The vector stencils library "Bank UML sequence diagram" contains 34 shapes for drawing UML sequence diagrams.
Use it for object-oriented modeling of your bank information system.
"A sequence diagram shows, as parallel vertical lines (lifelines), different processes or objects that live simultaneously, and, as horizontal arrows, the messages exchanged between them, in the order in which they occur. This allows the specification of simple runtime scenarios in a graphical manner.
Diagram building blocks.
If the lifeline is that of an object, it demonstrates a role. Leaving the instance name blank can represent anonymous and unnamed instances.
Messages, written with horizontal arrows with the message name written above them, display interaction. Solid arrow heads represent synchronous calls, open arrow heads represent asynchronous messages, and dashed lines represent reply messages. ...
Activation boxes, or method-call boxes, are opaque rectangles drawn on top of lifelines to represent that processes are being performed in response to the message (ExecutionSpecifications in UML).

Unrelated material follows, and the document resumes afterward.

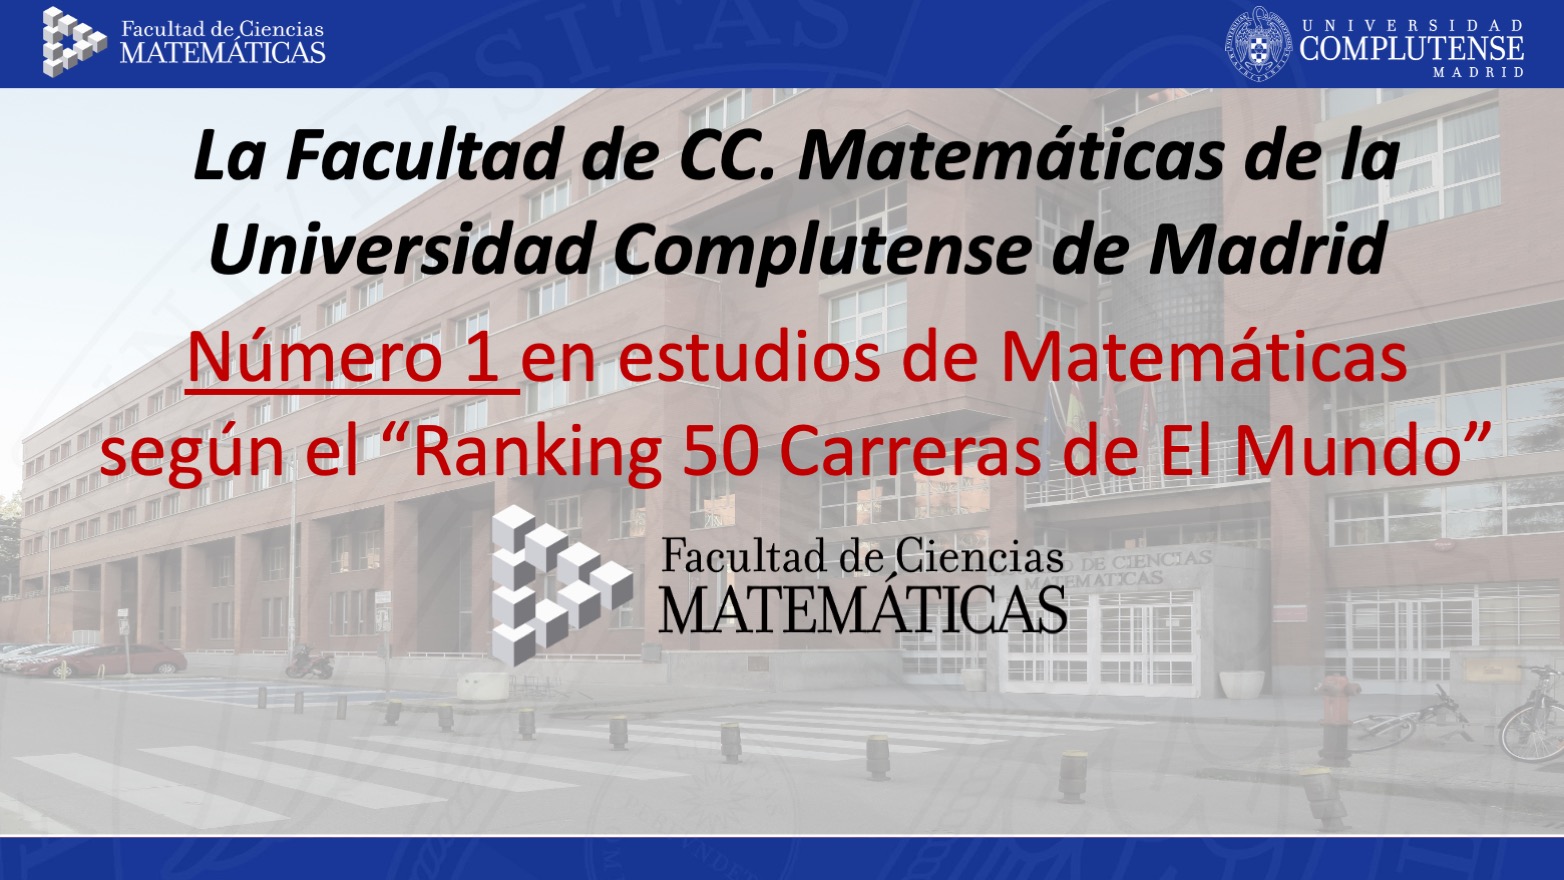 La Facultad de Matemáticas de la UCM es el mejor lugar para estudiar matemáticas de España, según el ranking de El Mundo.
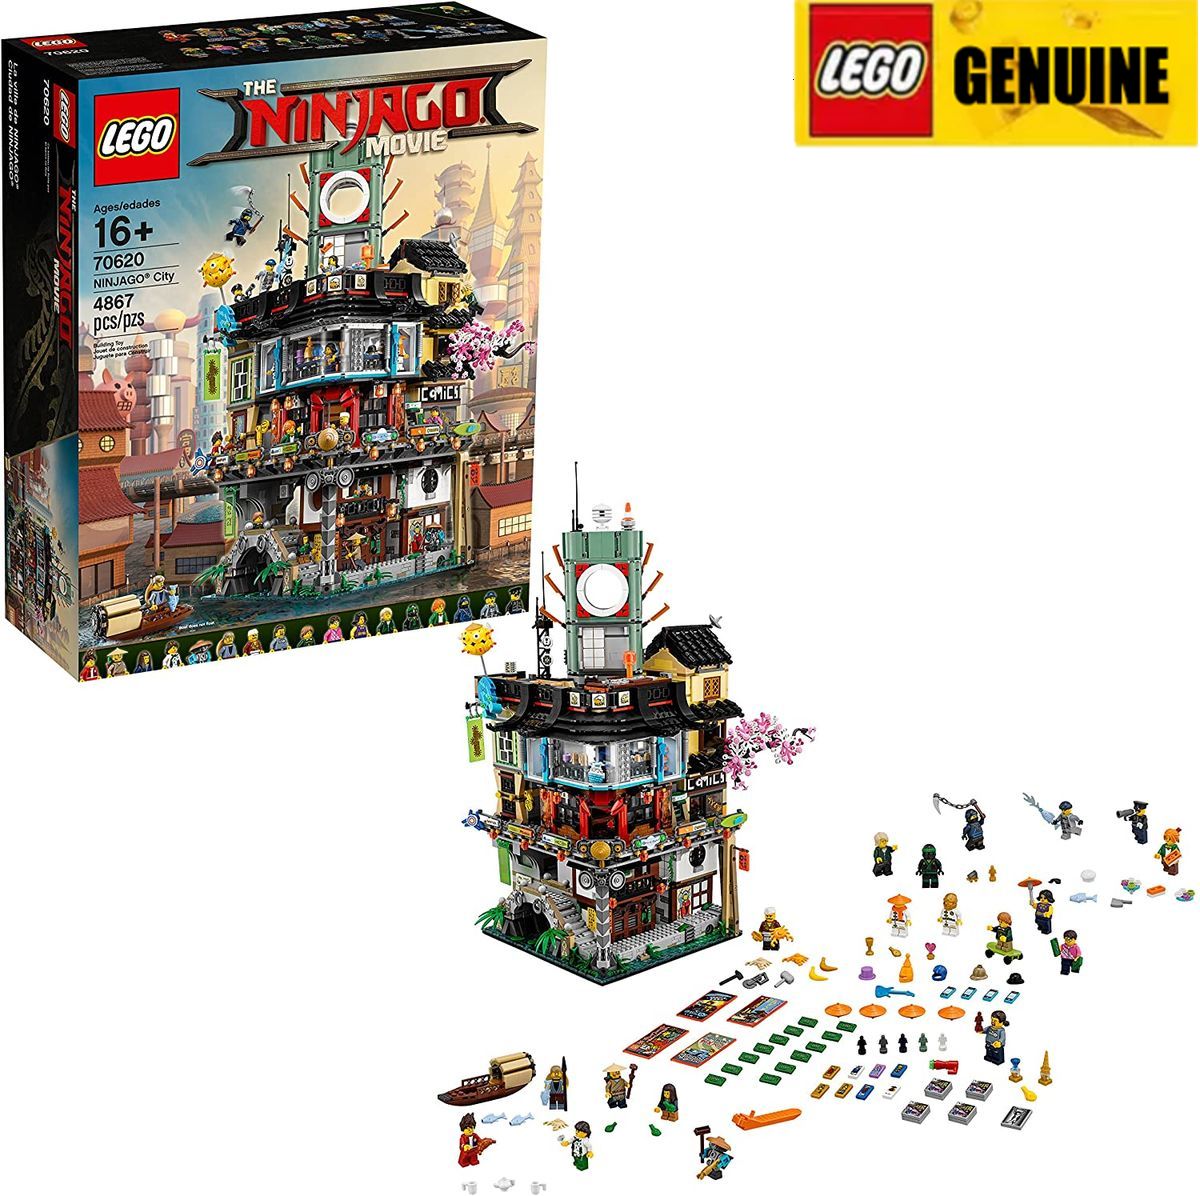 【Genuine】LEGO NINJAGO Thành phố Ninjago 70620 (4867Miếng) Đảm bảo chính hãng, từ Đan Mạch

Objects calling methods on themselves use messages and add new activation boxes on top of any others to indicate a further level of processing.
When an object is destroyed (removed from memory), an X is drawn on top of the lifeline, and the dashed line ceases to be drawn below it ...
A message sent from outside the diagram can be represented by a message originating from a filled-in circle (found message in UML) or from a border of the sequence diagram (gate in UML)." [Sequence diagram. Wikipedia]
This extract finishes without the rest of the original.